The production of H2O2 has also been assumed to be one of the most important signal molecules that could be linked to the development of ISR in whole plants (Van Loon et al., 2008; Verhagen et al., 2010; Bordiec et al., 2011; Farace et al., 2015). H2O2 can diffuse freely across membranes and, therefore, has been implicated in the signal transduction and the activation of defense responses (Aziz et al., 2004). This can lead to the cell wall protein cross-linking, thereby strengthening the cell wall (Lamb and Dixon, 1997).

The rapid activation of MAP kinase cascades is also involved in various signaling and regulatory mechanisms as well as alterations in the expression of several defense genes, which lead to the plant resistance. Most research in innate immunity gravitates toward MAMPs than live beneficial bacteria. In Arabidopsis, flagellin perception is transduced through a MAP kinase cascade (Asai et al., 2002) resulting in enhanced resistance against Pseudomonas syringae pv. tomato, which was associated with a callose deposition and an activation of PR genes (Gómez-Gómez et al., 1999). Similarly, pretreatment of tobacco leaves with lipopolysaccharides from the non-pathogenic Burkholderia cepacia was associated with the phosphorylation of an ERK-like MAP kinase and enhanced protection against Phytophthora nicotianae (Piater et al., 2004). Some non-pathogenic rhizobacteria-derived MAMPs primed plants for enhanced defense reactions upon challenge with a pathogen without extensive transcriptional reprogramming or cell death (Pieterse et al., 2014). In grapevine, Gruau et al. (2015) have reported that Pseudomonas fluorescens PTA-CT2-mediated ISR was accompanied by a down-regulation of HSR gene, a marker of HR/cell death after the B. cinerea challenge.

Another important response in the grapevine is the accumulation of stilbenic phytoalexins, especially trans-resveratrol (3,5,4′-tryhydroxystilbene) and its oligomer, trans-𝜀-viniferin during plant–microbe interactions (Delaunois et al., 2009; Jeandet et al., 2014).
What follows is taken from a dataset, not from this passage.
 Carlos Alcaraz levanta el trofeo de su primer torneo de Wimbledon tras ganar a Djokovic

These stilbenic compounds are selectively accumulated in leaves and grape cell suspensions in response to various rhizobacteria (Verhagen et al., 2010; Aziz et al., 2016), and were shown to be associated with resistance of plants to pathogens.
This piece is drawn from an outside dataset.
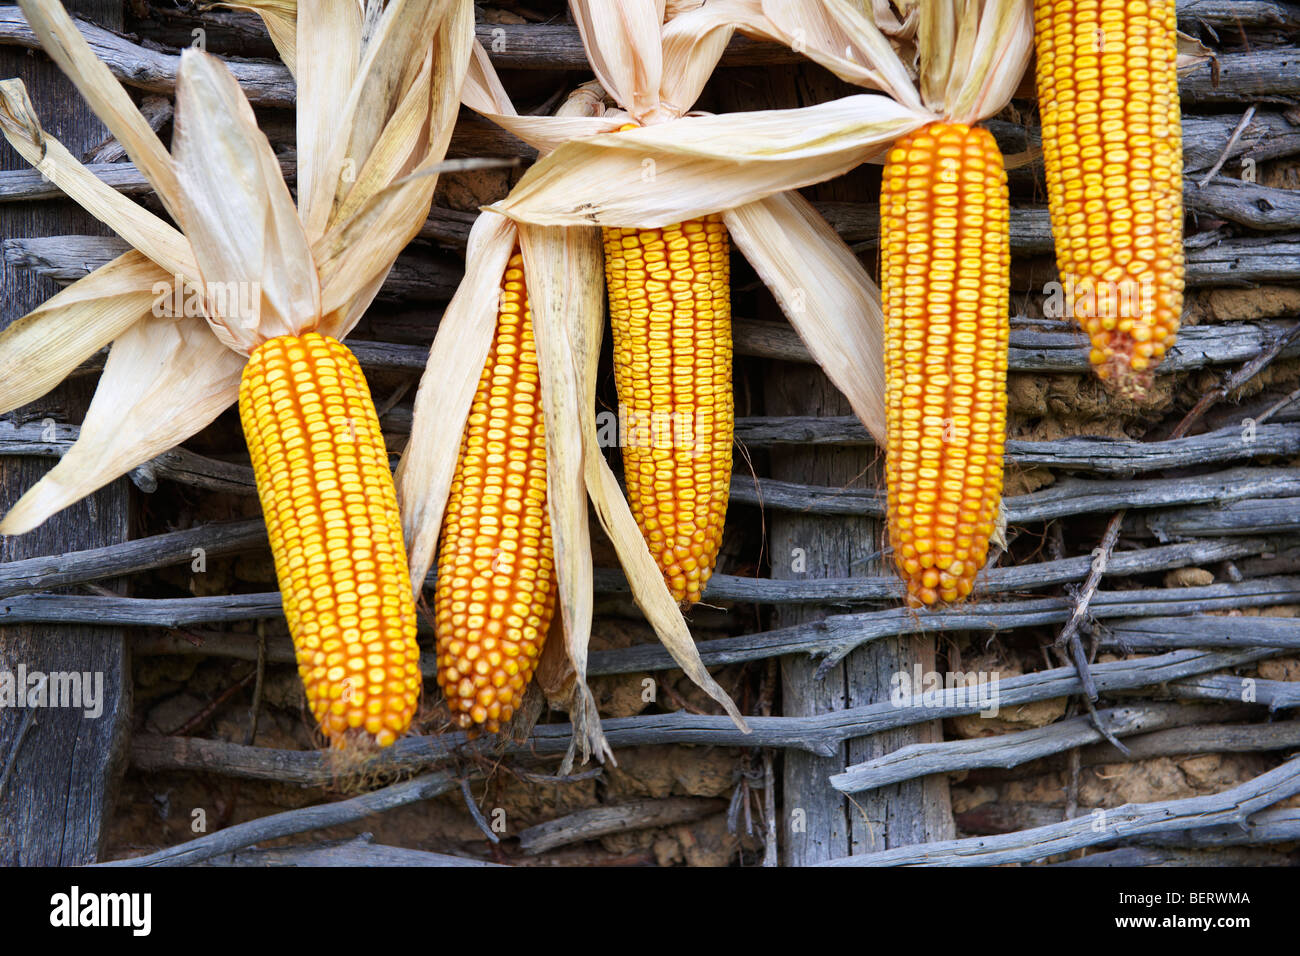 Las mazorcas de maíz secado - Hungría Foto de stock

Research aimed at understanding induced resistance mechanisms has scarcely elucidated in grapevine plants. For instance, pretreatment of grapevine plants with Burkholderia phytofirmans PsJN, Pseudomonas sp., Pantoea sp., or Acinetobacter sp. improve the grapevine resistance to subsequent infection with B. cinerea by eliciting defense-responses, including a stimulation of chitinases and β-1,3-glucanases activities, accumulation of phytoalexins, and an induction of defense genes (Compant et al., 2008; Trotel-Aziz et al., 2008; Gruau et al., 2015). Streptomyces is another important and versatile genera of Actinobacteria (Ait Barka et al., 2016) that may impact plants growth promotion by affecting their metabolism (Salla et al., 2014). In addition, Streptomyces sp. can also induce a local and a systemic resistance in grapevine and Arabidopsis to pathogens (Conn et al., 2008; Loqman et al., 2009; Couillerot et al., 2014). The Streptomyces-induced resistance in Arabidopsis seems to be dependent on SA but not on JA/ET pathway (Conn et al., 2008).
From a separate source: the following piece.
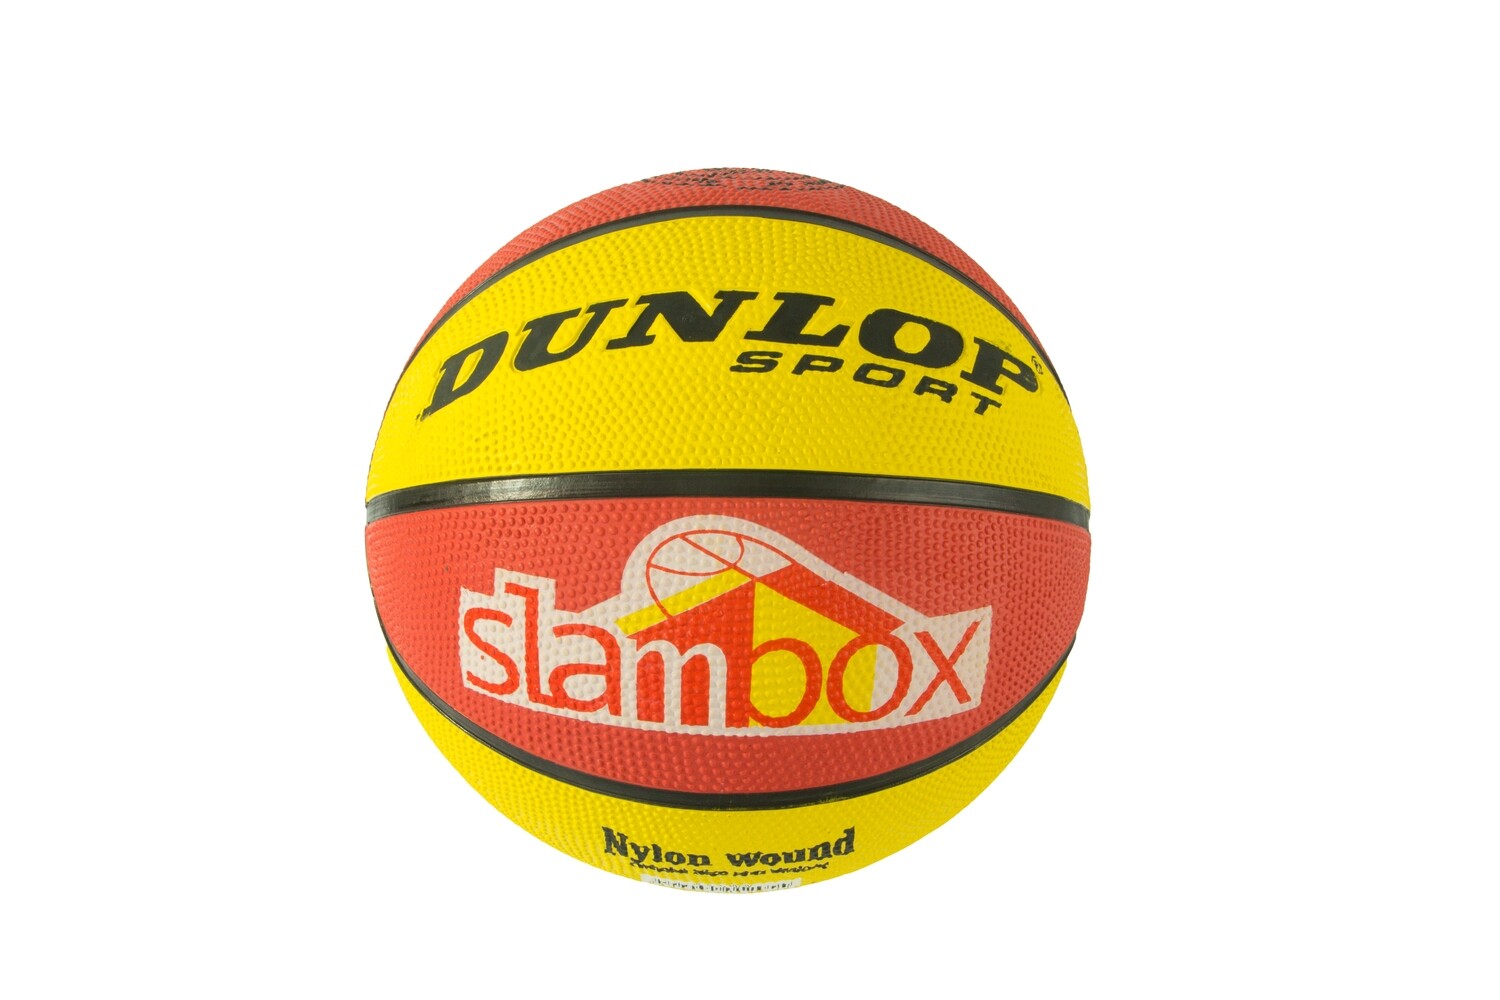 Dunlop Basketball Slambox (Junior)

Streptomyces anulatus S37 isolated from the rhizosphere of healthy wild Vitis vinifera have been shown as an endophytic plant growth promoting bacteria that enhances disease resistance against several pathogens including B. cinerea (Loqman et al., 2009). However, despite their putative importance for biocontrol and/or growth stimulation, the cellular and molecular mechanisms involved in the perception of this bacterium by plant cells still remain unknown.

Many aspects of the defense response can be observed in suspension-cultured plants treated with substances of fungal or bacterial origin, so called-elicitors. Therefore, cultured plant cells have been widely used as model systems to study the recognition and the transduction of microbial signals as well as the defense response itself (Dixon and Lamb, 1990). While the systemic induction of resistance by beneficial bacteria is well understood, little data are available on local defense events taking place during the interaction between grape cells and these bacteria. Additionally, no direct comparison has been made between defense responses prompted by actinomycete bacteria and the typical defense reactions occurred during non-host or incompatible interactions triggered by B. cinerea.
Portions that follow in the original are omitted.